Search code examples
titangremlintinkerpopgremlin-server

TITAN- Parallel queries -Concurrent time out exception at org.apache.tinkerpop.gremlin.driver.Client.submit


As a part of the volume and performance test, I am trying to execute multiple gremlin requests (graph traversal) in parallel using java threads. it works fine smaller number of threads .

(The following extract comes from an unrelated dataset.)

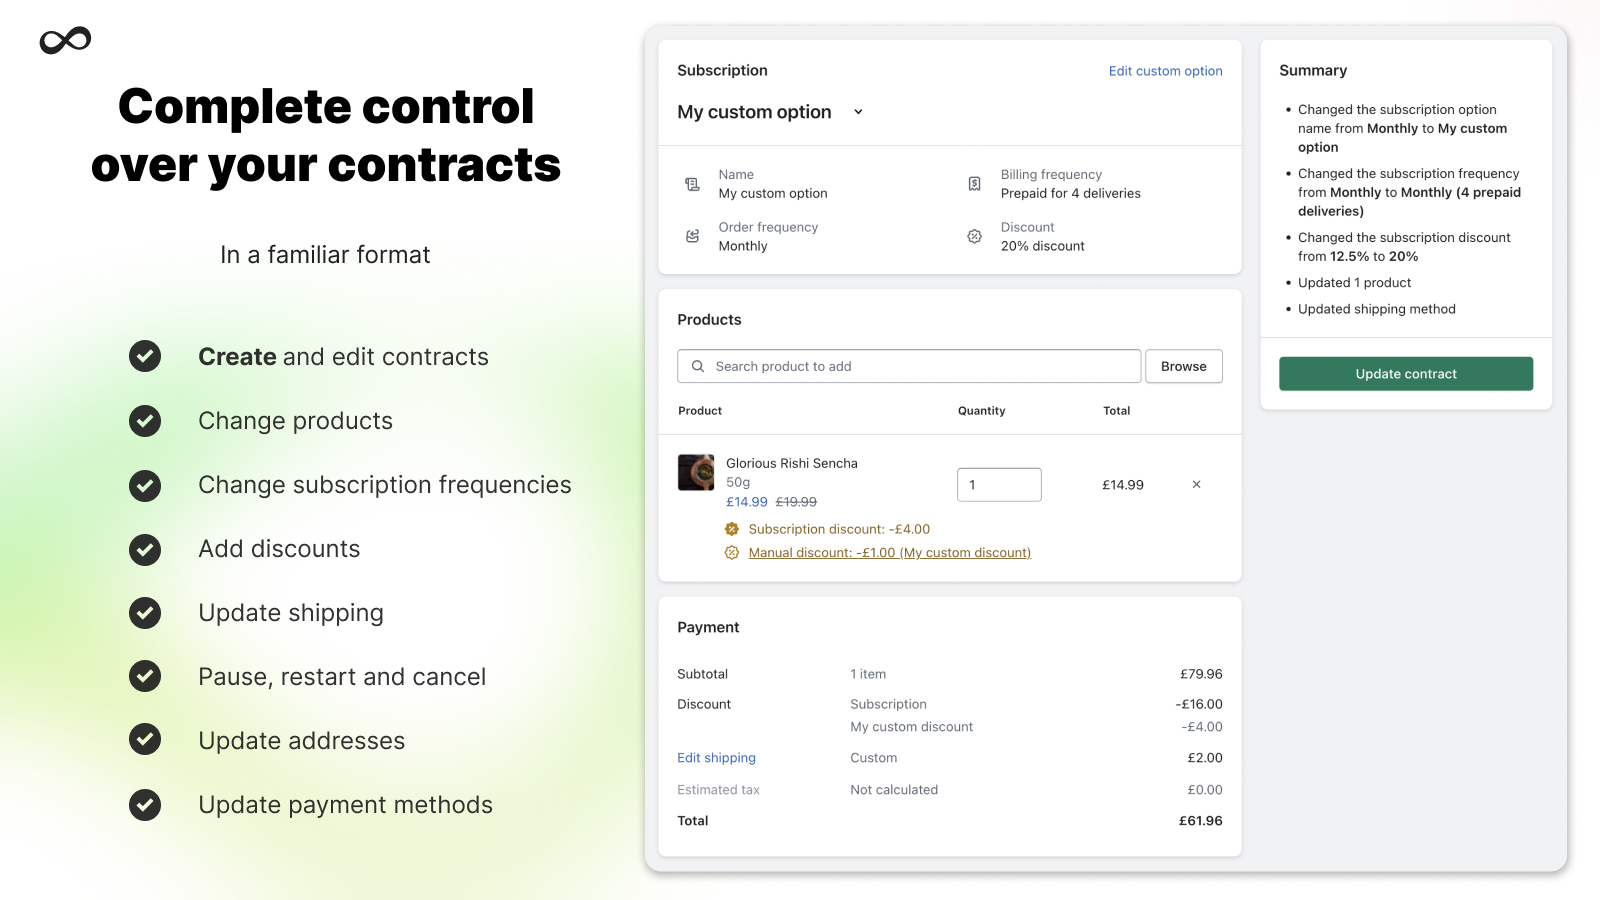 Complete control over your contracts

When i increase the number of threads (say 500), I am getting the following error

Exception in thread "Thread-34" java.lang.RuntimeException: java.lang.RuntimeException: java.util.concurrent.TimeoutException: Timed out waiting for an available host. at org.apache.tinkerpop.gremlin.driver.Client.submit(Client.java:146) at com.tests.java.titan.Vertices.exists(Vertices.java:37) at com.tests.java.titan.Complex.searchNodesRelatedByRelation(Complex.java:110) at com.tests.java.perfTests.TitanThread.run(ParallelGraphTraversal.java:112) Caused by: java.lang.RuntimeException: java.util.concurrent.TimeoutException: Timed out waiting for an available host. at org.apache.tinkerpop.gremlin.driver.Client.submitAsync(Client.java:194) at org.apache.tinkerpop.gremlin.driver.Client.submitAsync(Client.java:174) at org.apache.tinkerpop.gremlin.driver.Client.submit(Client.java:144) ... 3 more

I tried increasing the values of threadPoolWorker from 1 to 2 and gremlinPool from 8 to 16 (in the file gremlin-server.yaml). But i did not notice any difference.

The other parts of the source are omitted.